Destaca la Basílica de San Clemente, del siglo XII, cerca del Coliseo, con dos niveles arqueológicos: el primero es la iglesia medieval original, del siglo IV, y más abajo hay restos romanos del siglo I d. C., como un mitreo, un edificio público y un callejón con el trazado urbano antiguo.

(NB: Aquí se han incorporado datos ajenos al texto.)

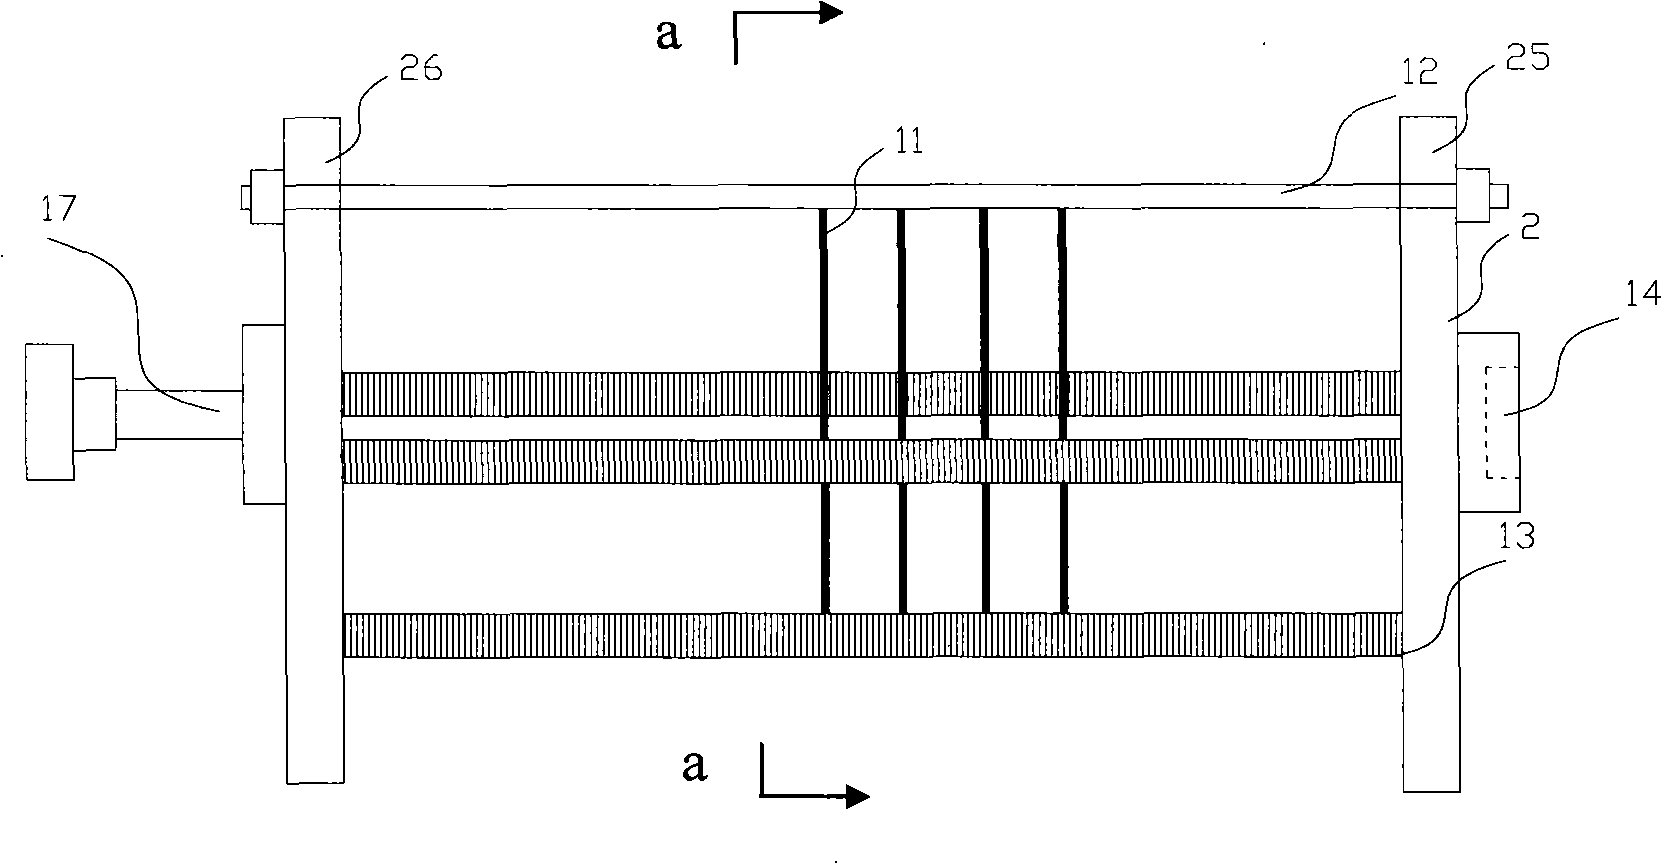 Whirl etching system and method for large area silicon chips

También está la Basílica de Santa Cecilia en Trastevere, del siglo IX, sobre la supuesta casa de Cecilia. A unos 2 metros bajo el templo actual hay restos de esa vivienda, mosaicos blancos y negros y una cripta de mármol con decoraciones bizantinas.
Forman parte del circuito las casas romanas de la colina Celio, bajo la basílica de los Santos Juan y Pablo. El complejo abarca cuatro siglos y contiene talleres, depósitos y residencias, incluidas las asociadas por la tradición cristiana a Juan y Pablo. El sitio permite entender la ciudad antigua desde la vida cotidiana más que desde los grandes monumentos.
“La historia no es más que un gigantesco rompecabezas de microhistorias”
, señaló Dell’Aquila. Esa definición resume el valor de un entramado que no solo expone el pasado imperial de Roma, sino también las casas, calles, tiendas y servicios que sostuvieron la vida urbana durante siglos.